Speaking at her former church, Palin had this to say about the war in Iraq:
“Pray for our military men and women who are striving to do what is right. Also, for this country, that our leaders, our national leaders, are sending [U.S. soldiers] out on a task that is from God. That’s what we have to make sure that we’re praying for, that there is a plan and that that plan is God’s plan.”
While it seems quite normal and correct to pray for the soldiers and leaders, her view that our task there is from God might trouble some. After all, leaders who think that they are doing God’s will have tended to prove rather problematic. I much prefer what Lincoln said about God and war: “Sir, my concern is not whether God is on our side; my greatest concern is to be on God’s side, for God is always right.”

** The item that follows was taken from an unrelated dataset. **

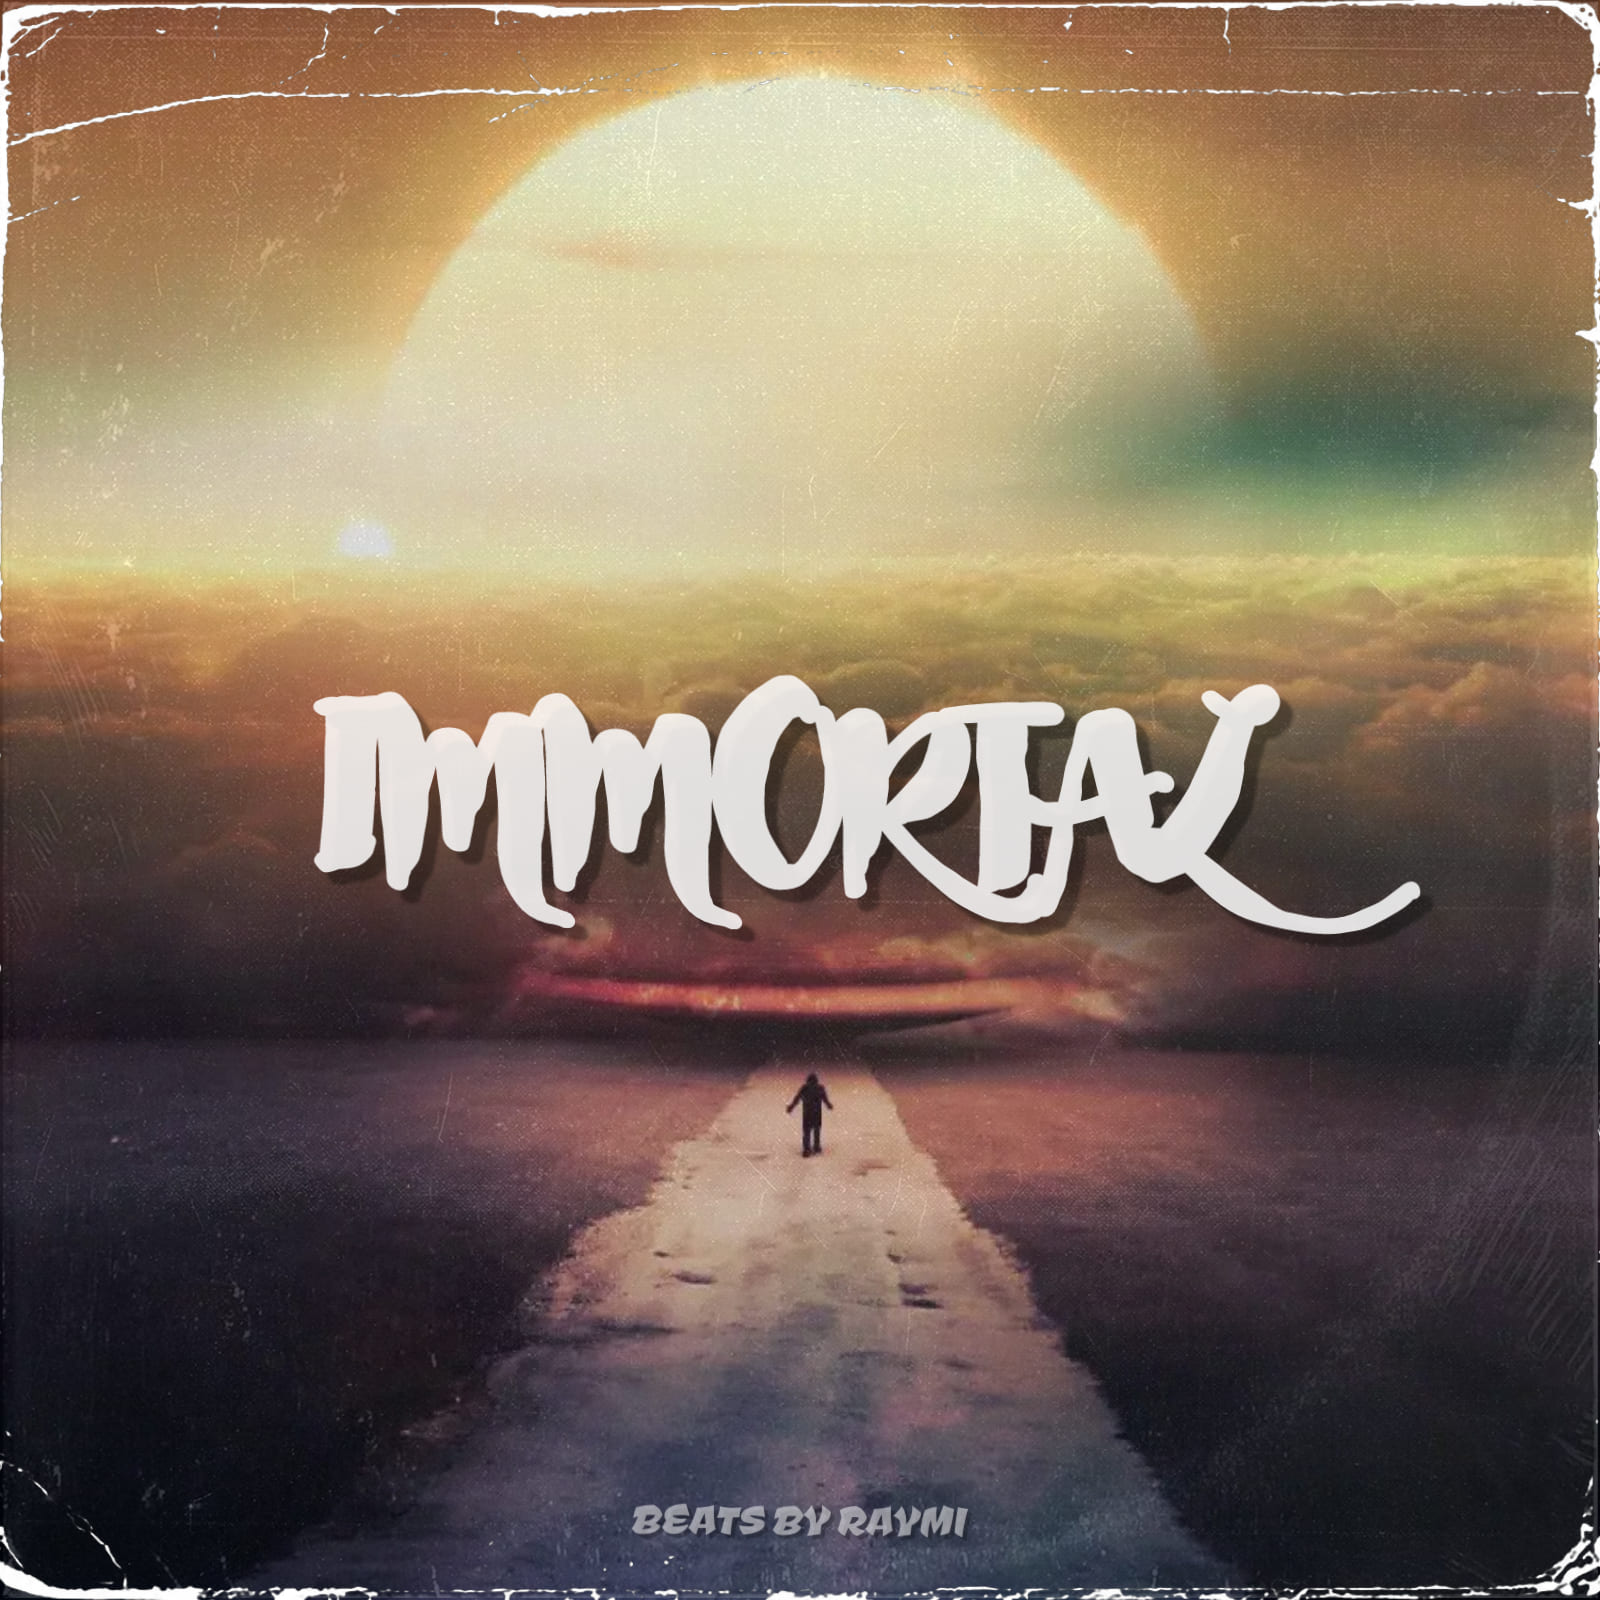 обложка бита, Raymi, музыка, cover, Immortal (красивый, эмоциональный поп-рок бит)

Of course, special attention should be paid to this assertion: “that’s what we have to make sure that we’re praying for, that there is a plan and that that plan is God’s plan.” This can be interpreted as her enjoining people to pray that what we are doing in Iraq is in accord with God’s plan-which would seem to be much like what Lincoln said.

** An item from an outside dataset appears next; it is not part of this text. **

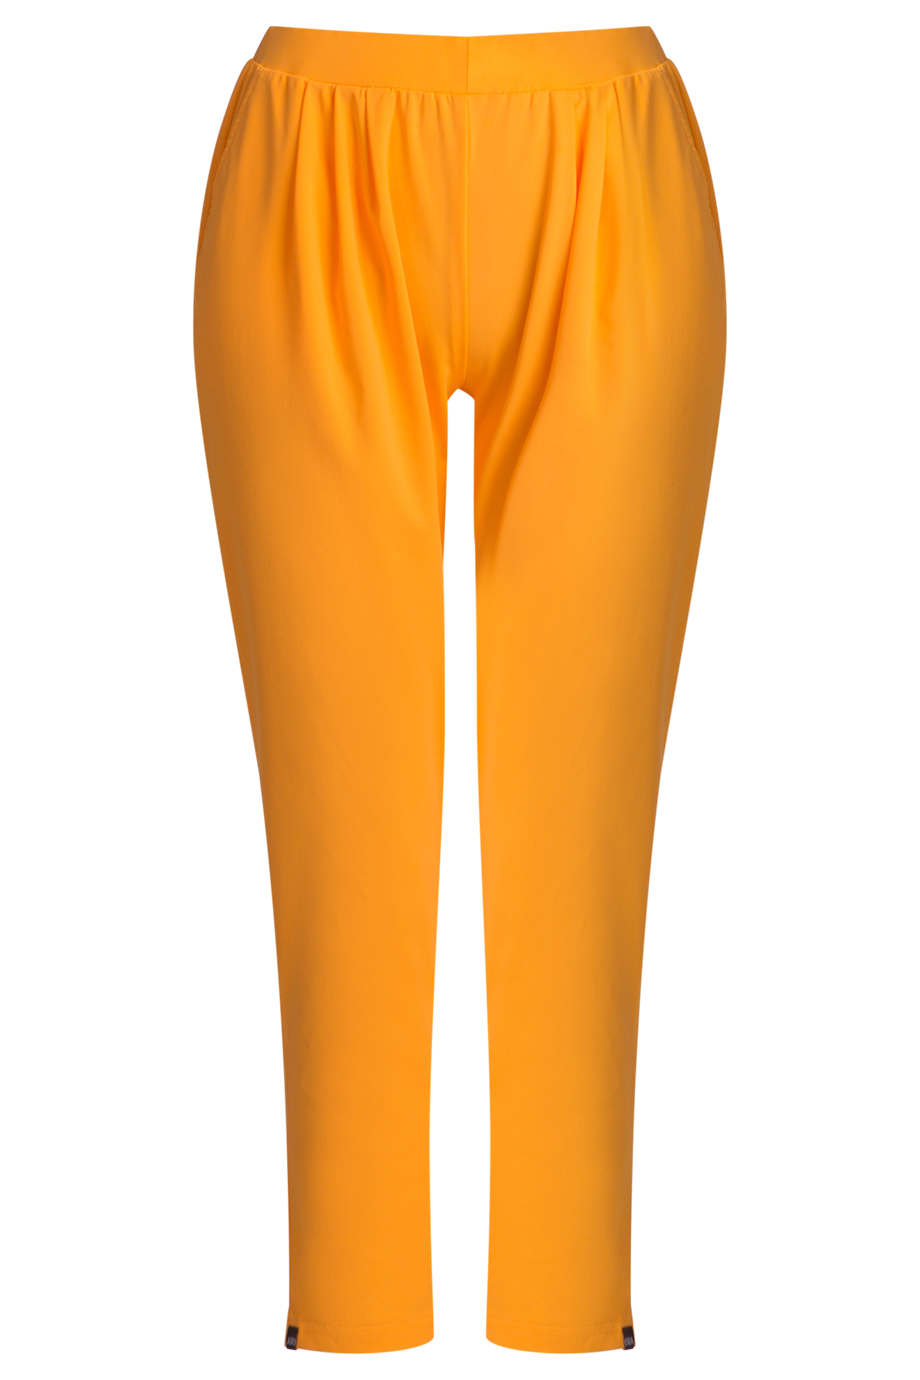 Cynthia Flexi Pants/ Holland- Quần dáng bom chất liệu thể thao màu cam Hà Lan

While I am not particularly religious myself, I do agree with the underlying moral view put forth by Lincoln (and perhaps Palin). When we go to war, we should be sure that we are on the side of right.
In addition to invoking God in the context of war, she also claimed He approved of a gas pipeline: “I think God’s will has to be done in unifying people and companies to get that gas line built, so pray for that.”
While I am not a theological expert, I suspect that God’s role in the universe does not include making sure that pipelines get built in Alaska. Praying for that sort of thing seems more materialistic than spiritual. While I am not very religious, I do not think people should pray for financial gain. It seems somehow wrong to ask God for money. Of course, praying for this sort of thing doesn’t make Palin a religious oddball. I’m sure that many people pray for material gain and hence she is quite mainstream in this regard.
While I do worry about a person’s religion leading them to making poor decisions, I see no special problem in Palin being religious. After all, all the candidates have gone out of their way to express their faith. To single Palin out for being especially sincere seems to be rather unfair.
That said, her religious views and how they might affect her political decisions are fair game for investigation and concern. The same is true for all the candidates. Ironically, I suspect that Palin worries people the most because she seems to be the most sincere in her faith. She certainly presents herself as a true believer. Of course, it could be a clever charade-she is, after all, a politician.
“It seems somehow wrong to ask God for money”
Michael LaBossiere says
“…I tell you the truth, it is hard for a rich man to enter the kingdom of heaven. Again I tell you, it is easier for a camel to go through the eye of a needle than for a rich man to enter the kingdom of God.”
Ah–but you leave out the rest…
“Then who master, is worthy to enter heaven?”
Jesus answered: “With God, all things are possible.”
Also: “Yea have not because yea ask not.”